> [RECORDS TO USE]
::::

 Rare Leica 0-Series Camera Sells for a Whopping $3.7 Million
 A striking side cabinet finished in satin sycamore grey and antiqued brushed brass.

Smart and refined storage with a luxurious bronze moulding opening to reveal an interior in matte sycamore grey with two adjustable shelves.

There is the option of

::::

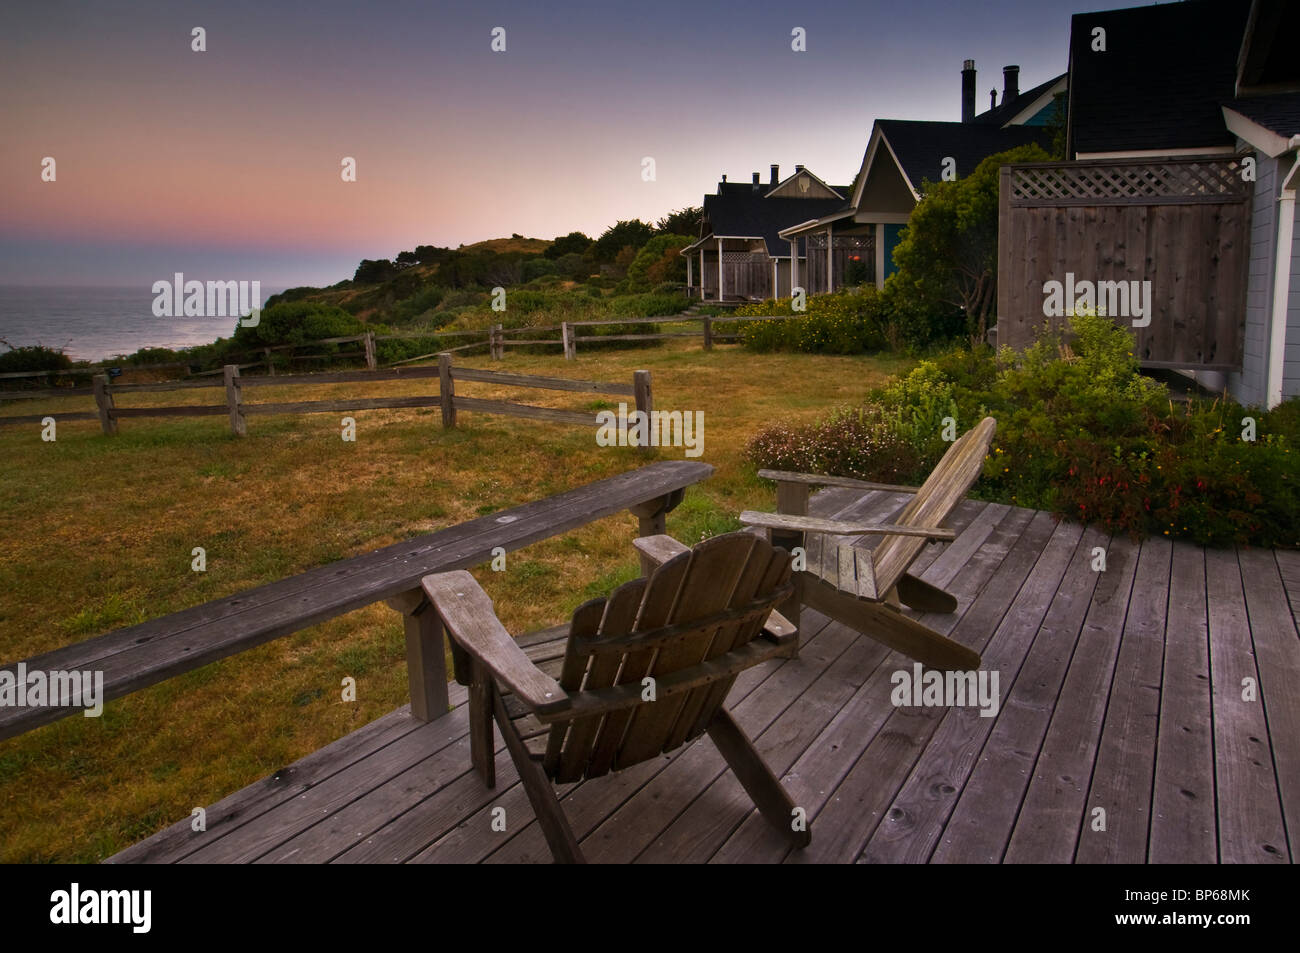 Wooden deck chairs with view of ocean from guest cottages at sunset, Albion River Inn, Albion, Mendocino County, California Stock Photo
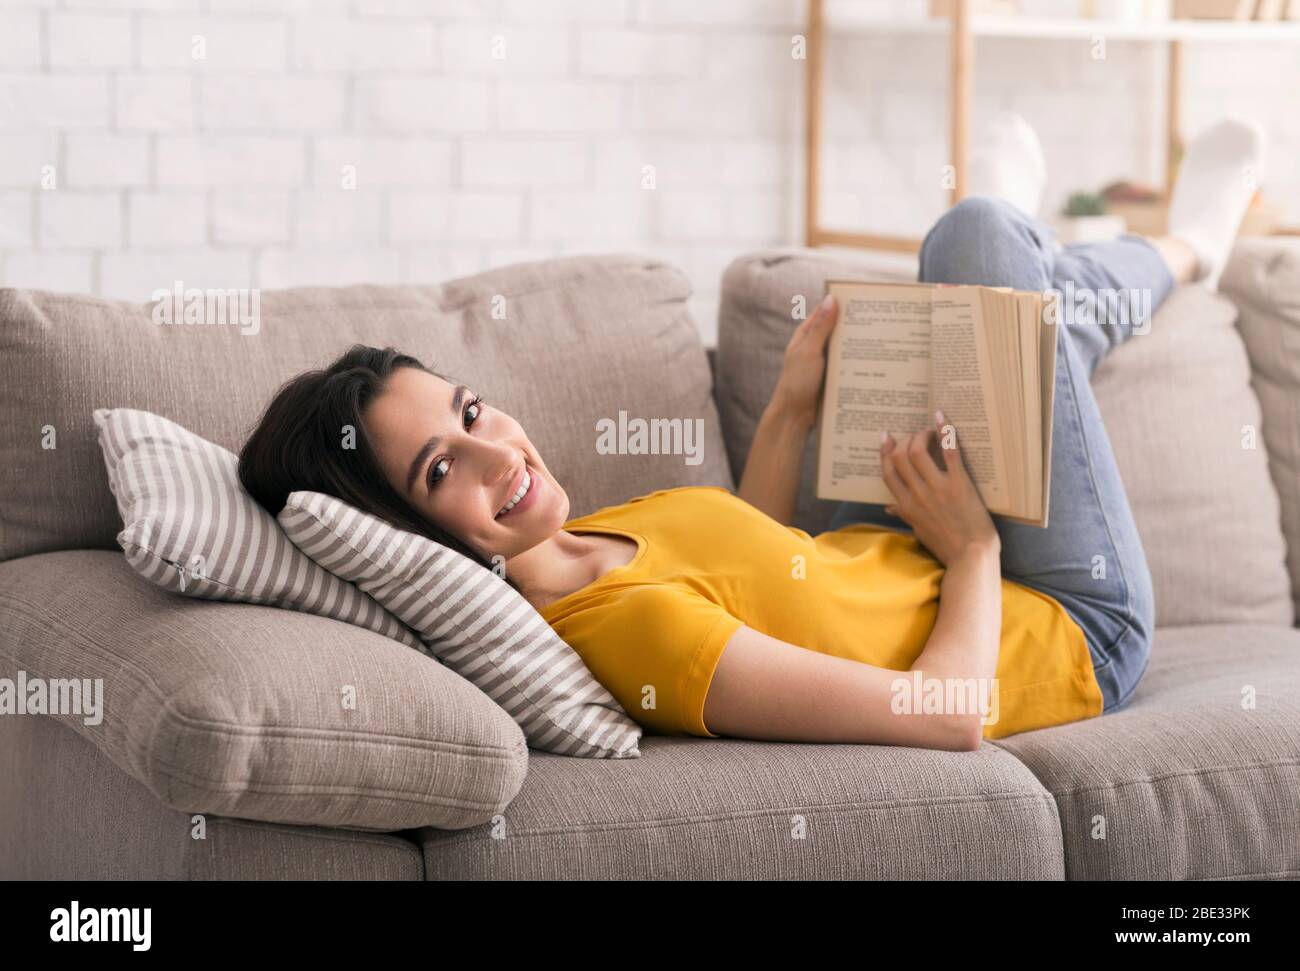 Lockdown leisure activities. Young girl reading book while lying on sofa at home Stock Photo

::::

> [INSTRUCTIONS TO FOLLOW]
Without the pictures, give again exactly the lines above starting at the line containing "Wooden deck chairs" and ending at the line containing "Lockdown leisure activities.".

> [RESULT OF THE EXERCISE]
 Wooden deck chairs with view of ocean from guest cottages at sunset, Albion River Inn, Albion, Mendocino County, California Stock Photo
 Lockdown leisure activities. Young girl reading book while lying on sofa at home Stock Photo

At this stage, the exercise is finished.